Ino-Wellensittiche, Albinos und Lutinos

  • Ino-Wellensittiche tauchten erstmals um 1870 auf.

    Weil man aber die Erbvorgänge der Ino-Wellensittiche nicht kannte, wurde ihnen züchterisch keine Beachtung geschenkt.


    Erst um 1940 wurde ernsthaft mit der Zucht von Inos begonnen.

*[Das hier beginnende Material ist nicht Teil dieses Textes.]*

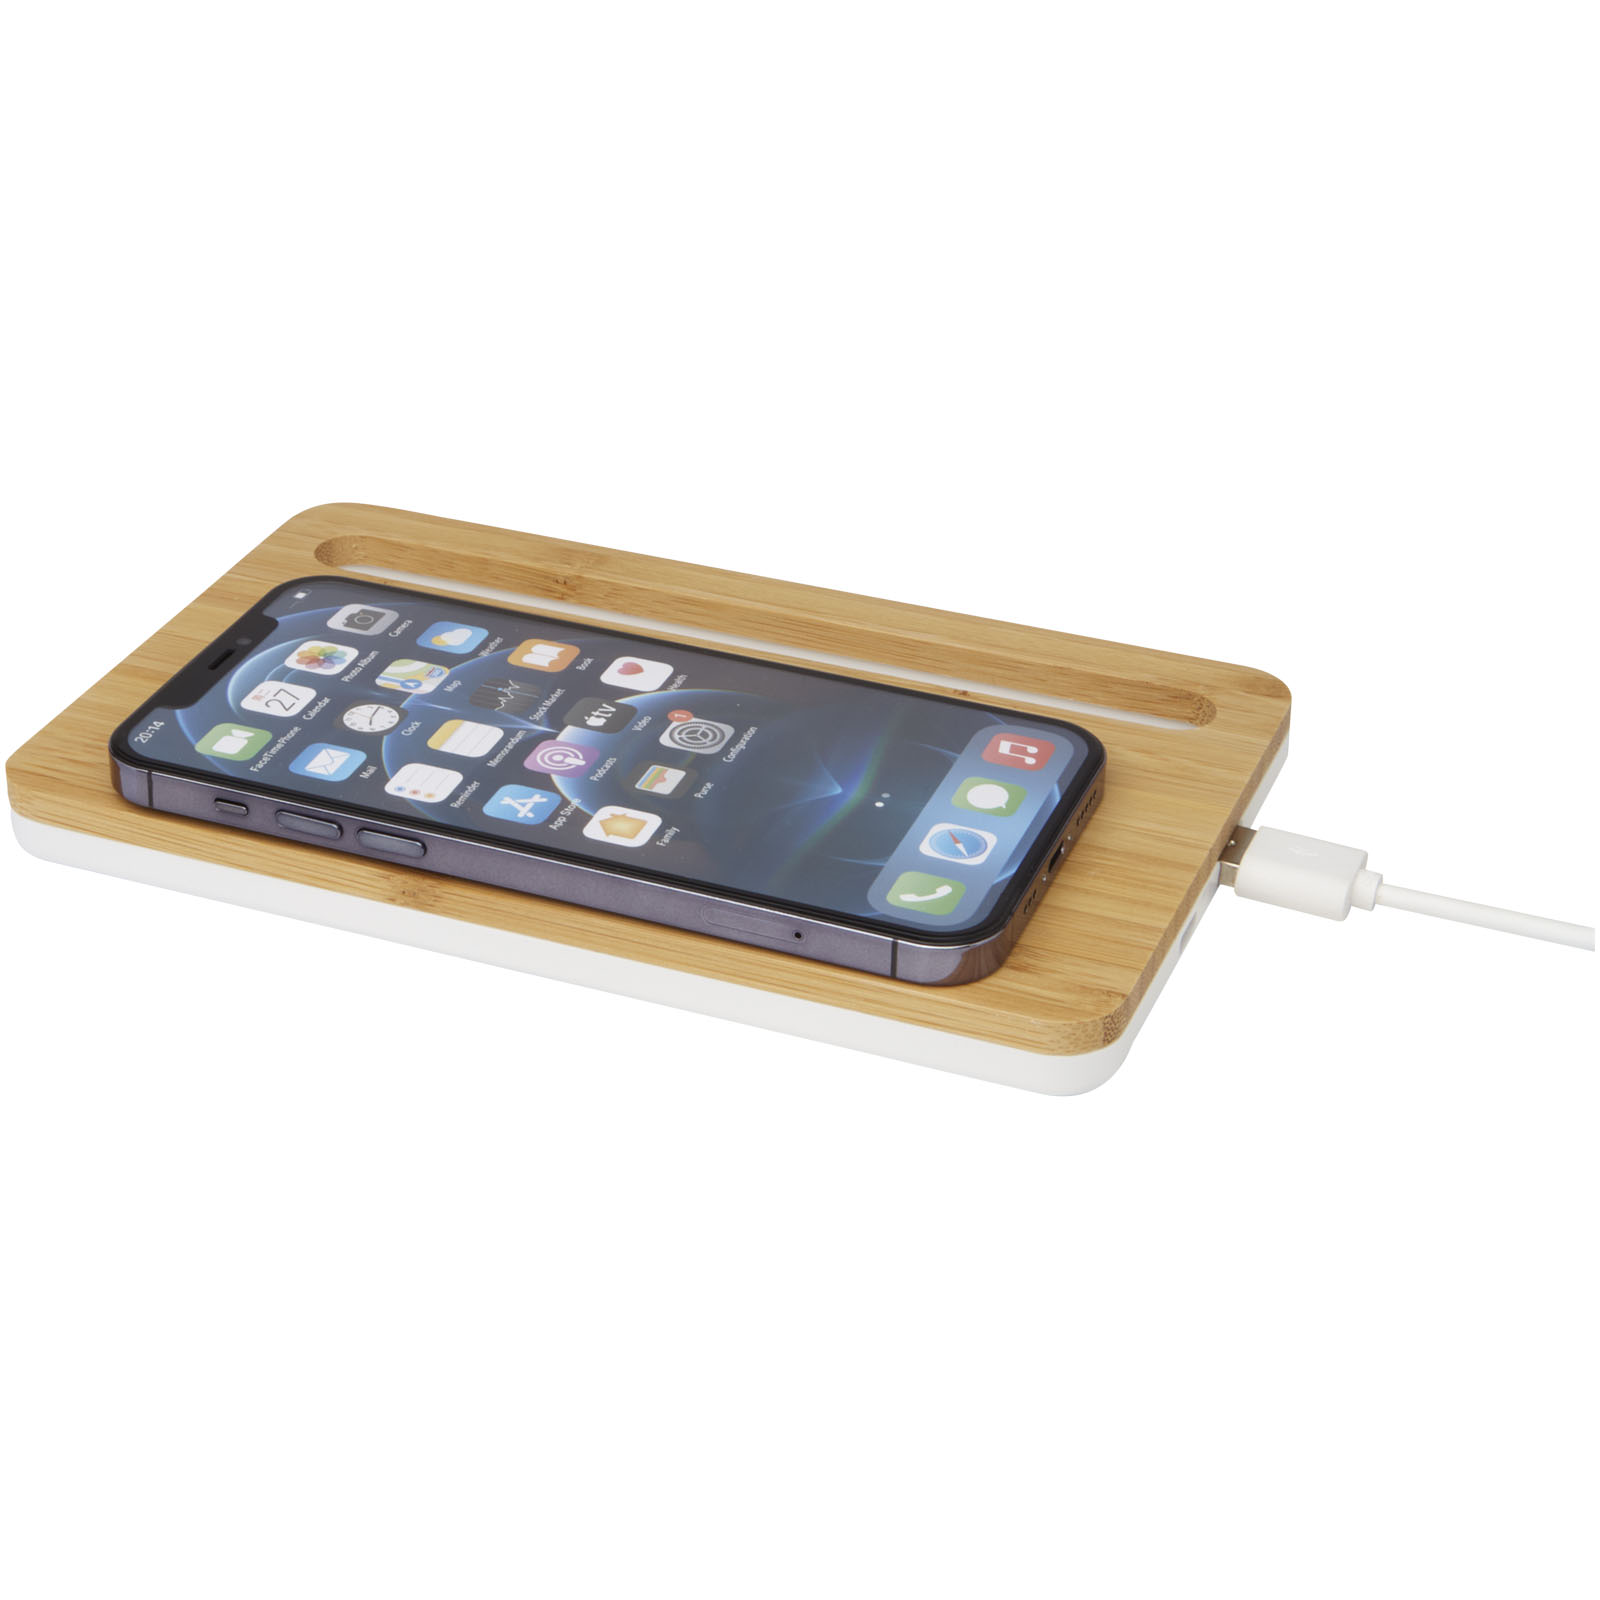 Bamboo Wireless Charger - Box - Houghton-le-Spring

    Diese Wellensittich-Mutation vererbt geschlechtsgebunden.


    Die Ino-Wellensittiche haben keinerlei Zeichnung und Kehltupfen.


    Wie immer behauptet wird, fehle den Inos der Anteil an Melanin. Das ist schlichtweg falsch!
    Sie besitzen einen Melaninanteil. Ihnen fehlt lediglich das Gen zur Ausfärbung des Melanins!


    Inos der Blaureihe bezeichnet man als Albino-Wellensittiche.
    Die Tiere sind rein weiß, ohne jegliche Zeichnung. Manchmal kann ein blauer Schimmer durch das Gefieder gehen.


    In der Grünreihe sehen die Wellensittiche gelb aus und werden Lutino-Wellensittiche genannt. Auch hier ist keine sichtbare Zeichnung erkennbar.


    Geschlechtsmerkmale der Hähne sind identisch mit den Rezessiven-Schecken. Sie besitzen also eine rosa-farbige Wachshaut.
    Ino-Hennen haben die typische braune Wachshaut wie die Normal-Gezeichneten-Wellensittiche.


    Die Augen der Lutinos und Albinos sind rot mit sichtbarem weißen Irisring.
    Schon Ino-Küken erkennt man frühzeitig bei noch geschlossenen Augen.
    Das fehlende Ausfärbungs-Gen des Melanins ist auch hier der Grund für die roten Augen der Ino-Wellensittiche.